- _DATASET SECTION_:
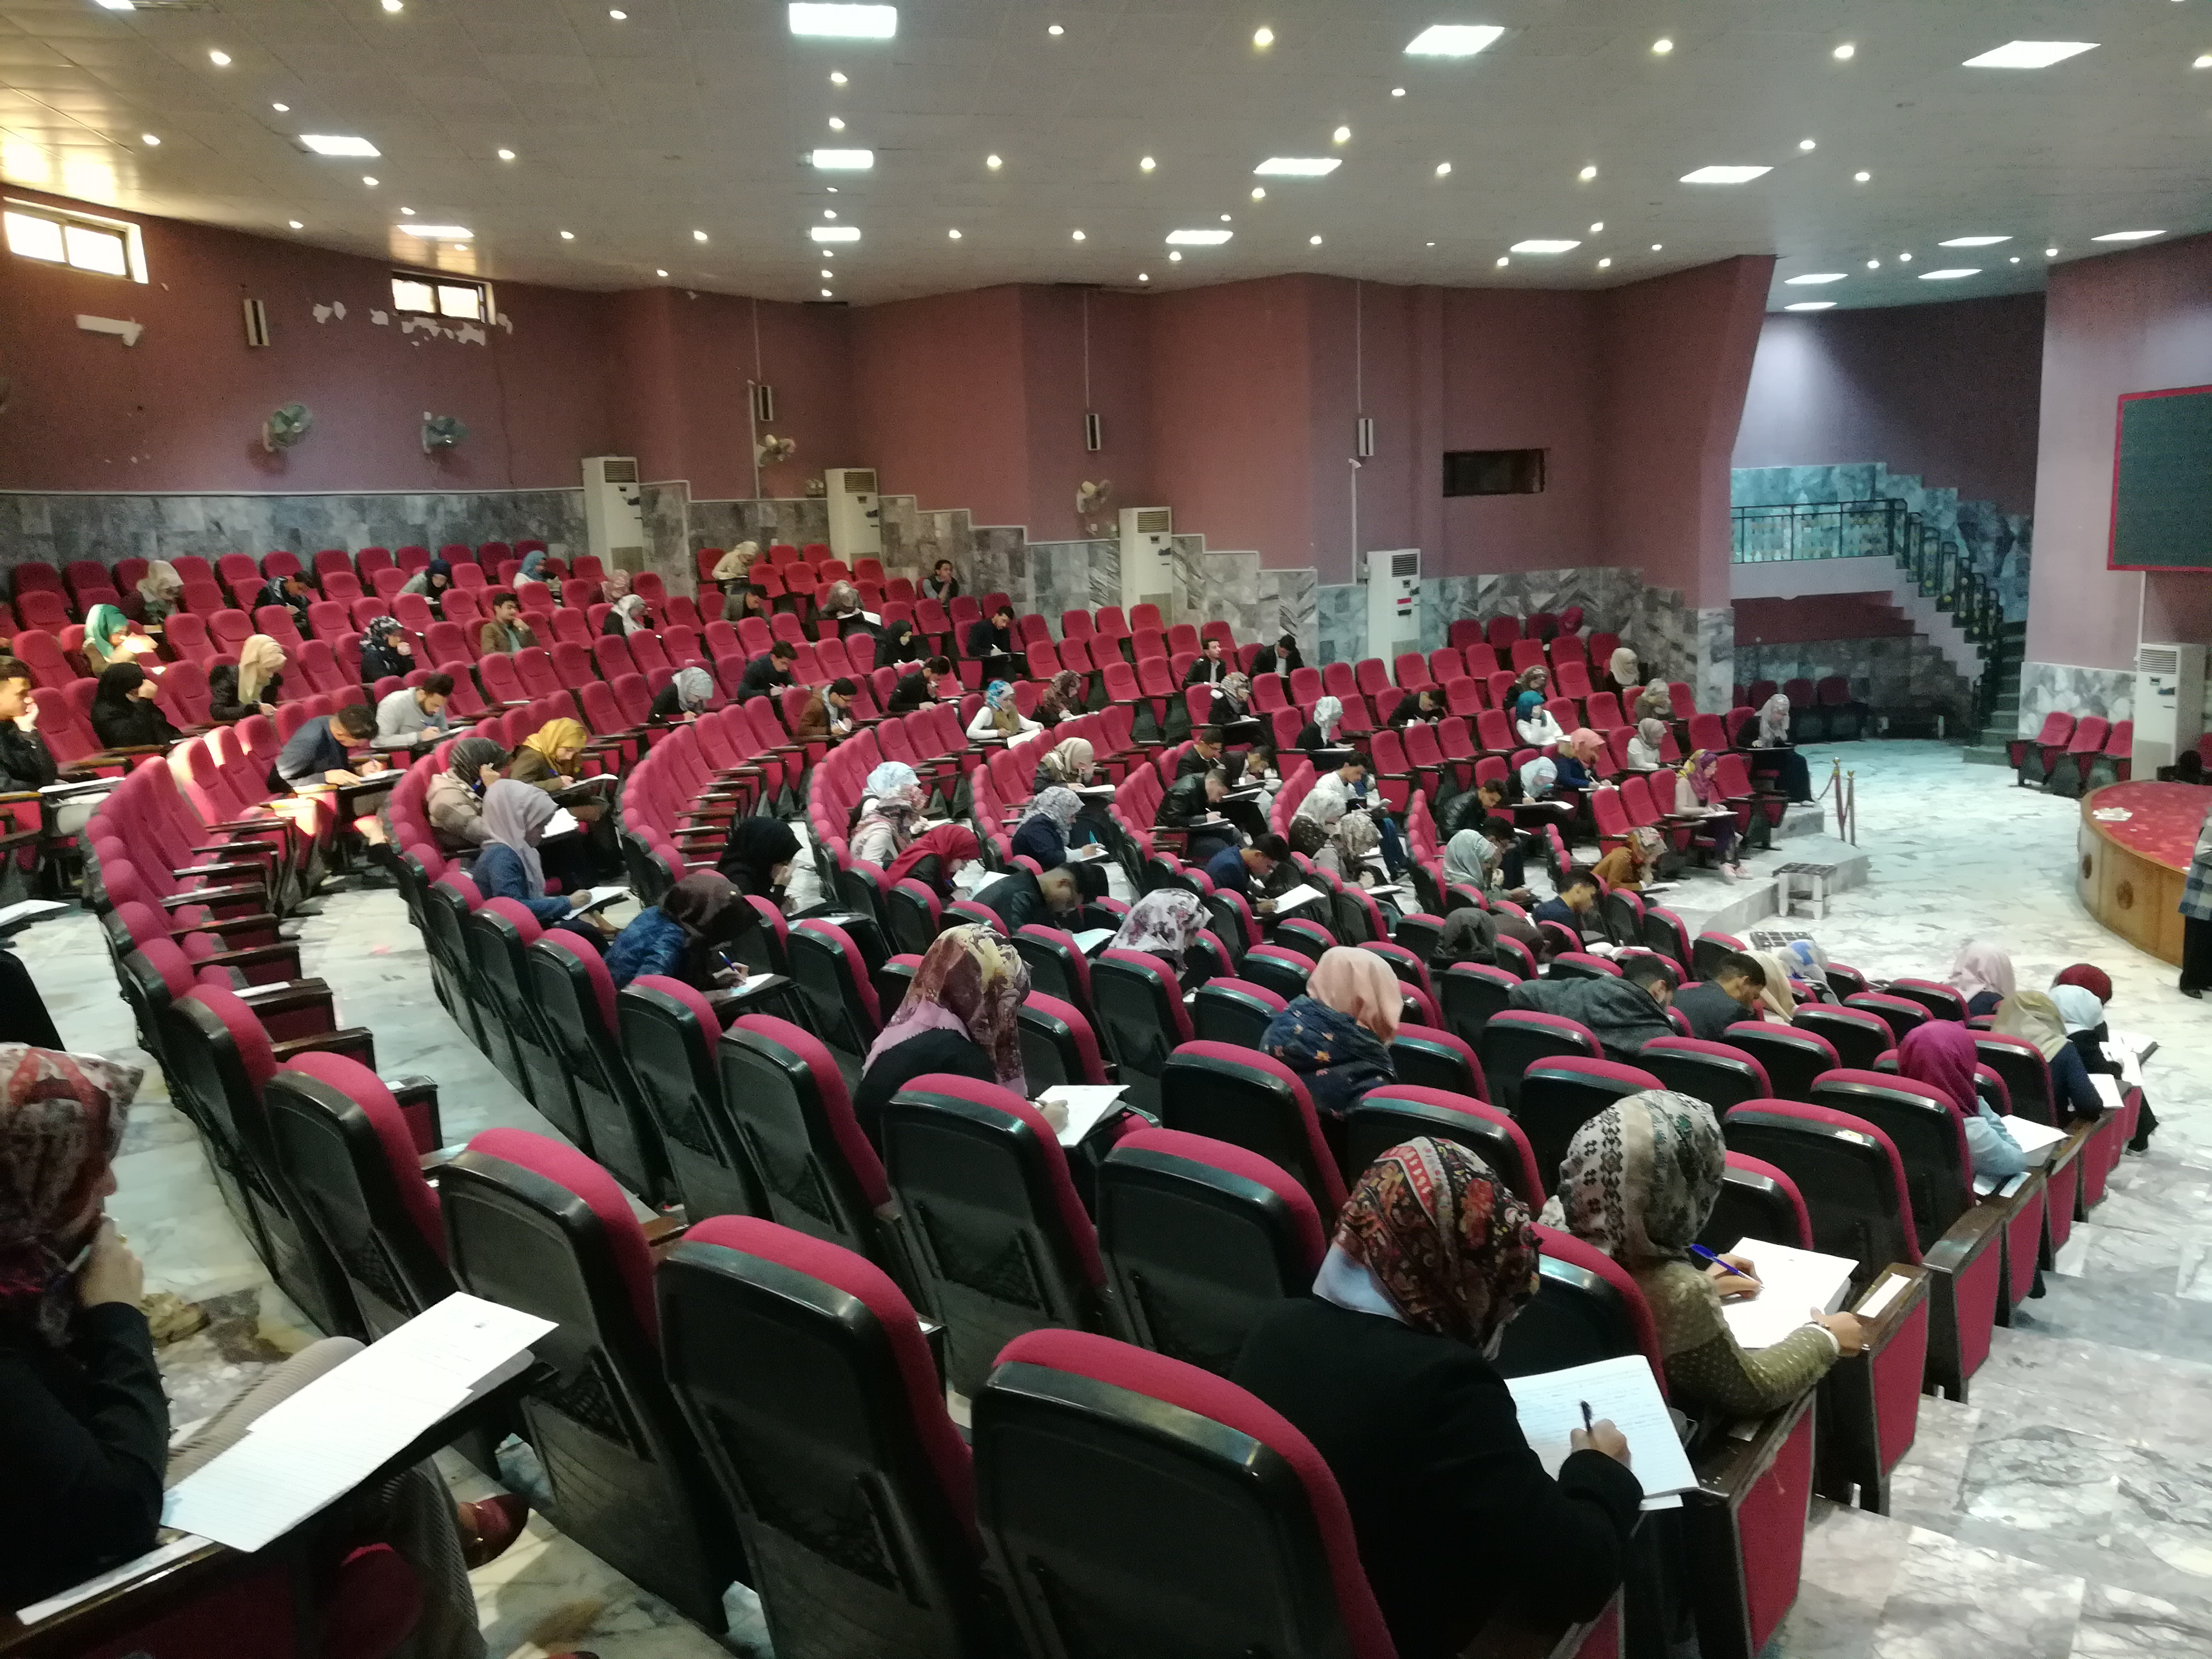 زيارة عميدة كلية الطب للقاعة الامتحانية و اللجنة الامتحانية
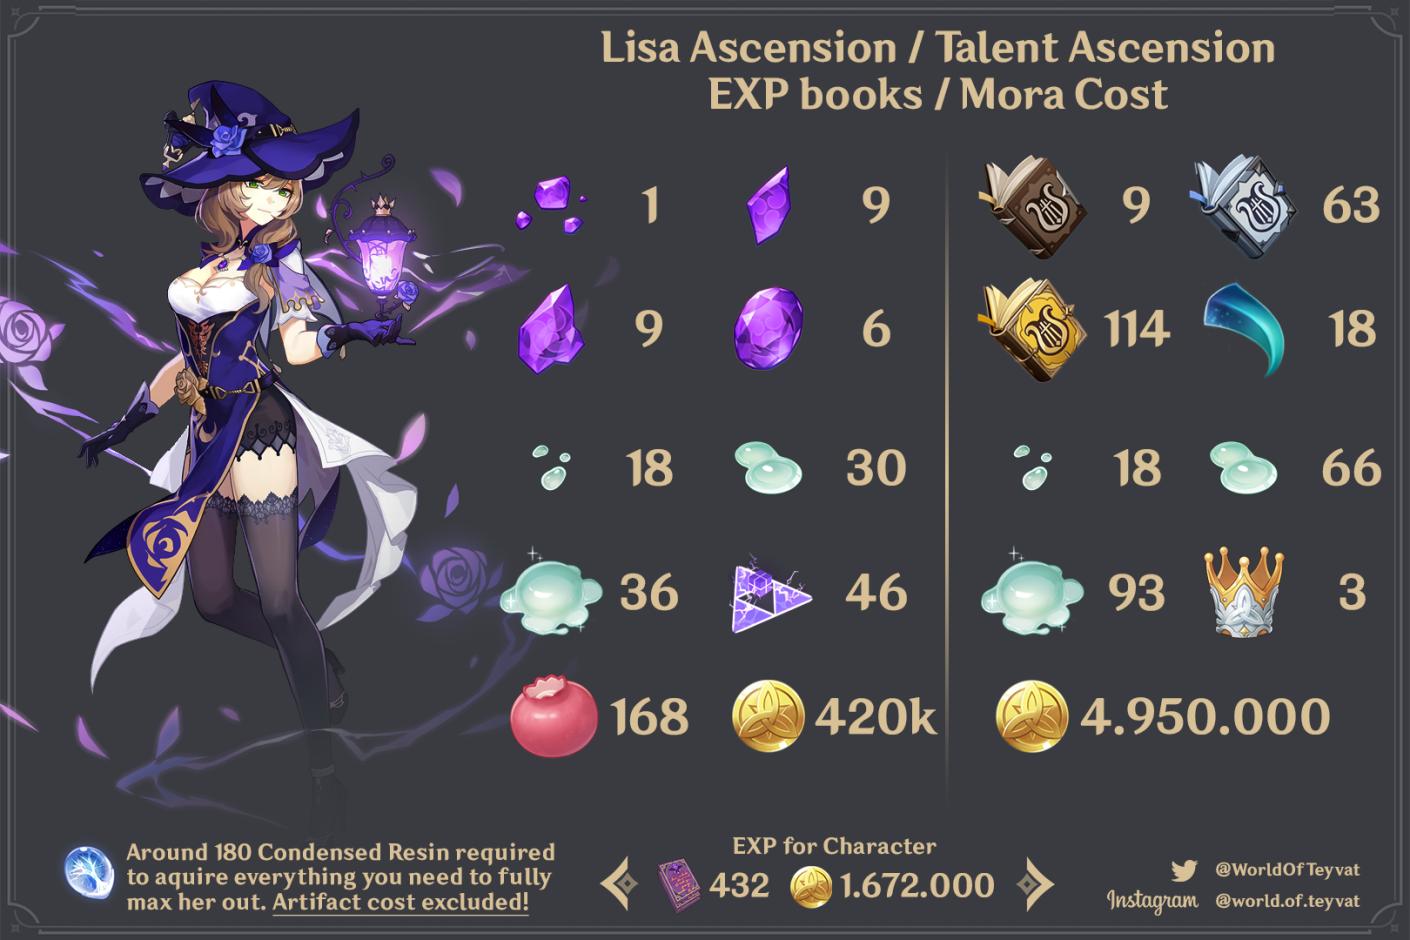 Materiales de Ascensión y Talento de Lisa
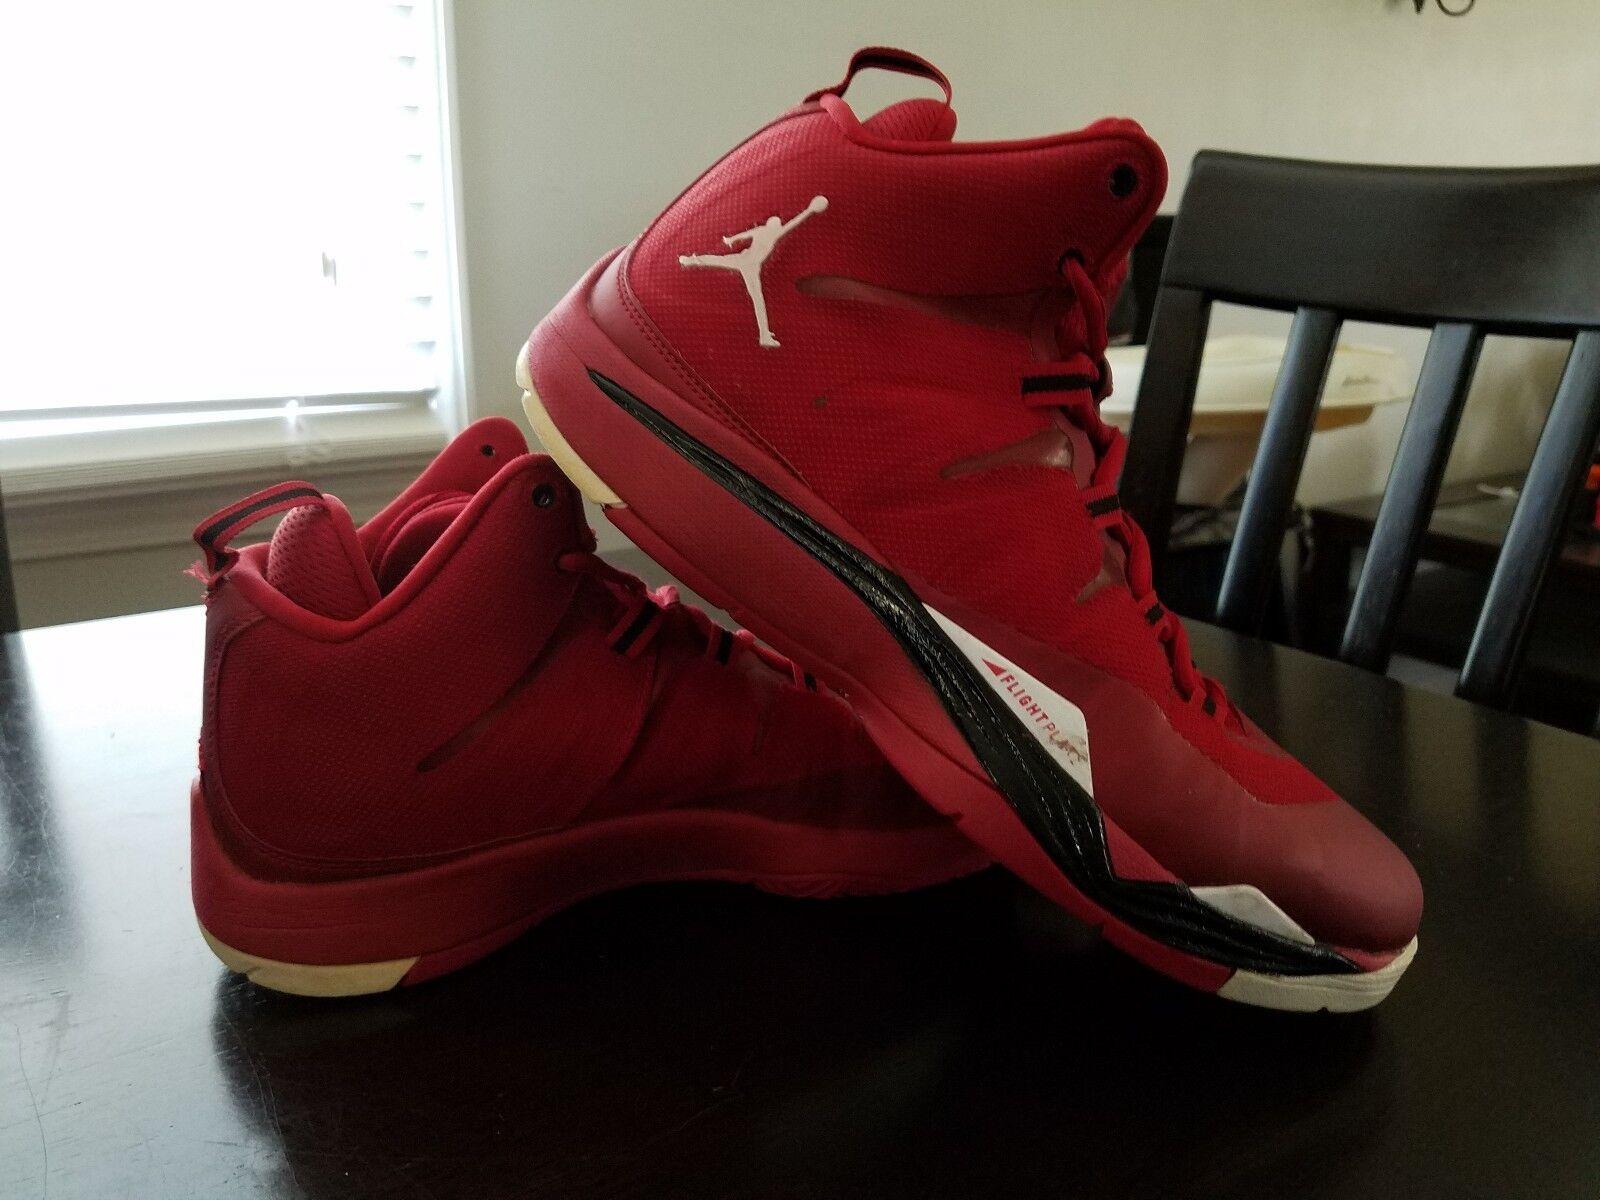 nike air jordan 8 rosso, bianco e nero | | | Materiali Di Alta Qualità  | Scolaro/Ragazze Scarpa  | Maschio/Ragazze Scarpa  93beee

- _ABOUT THIS TASK_: When repeating the material above, keep every line exact and drop all pictures.

- _EXPECTED OUTPUT_:
 زيارة عميدة كلية الطب للقاعة الامتحانية و اللجنة الامتحانية
 Materiales de Ascensión y Talento de Lisa
 nike air jordan 8 rosso, bianco e nero | | | Materiali Di Alta Qualità  | Scolaro/Ragazze Scarpa  | Maschio/Ragazze Scarpa  93beee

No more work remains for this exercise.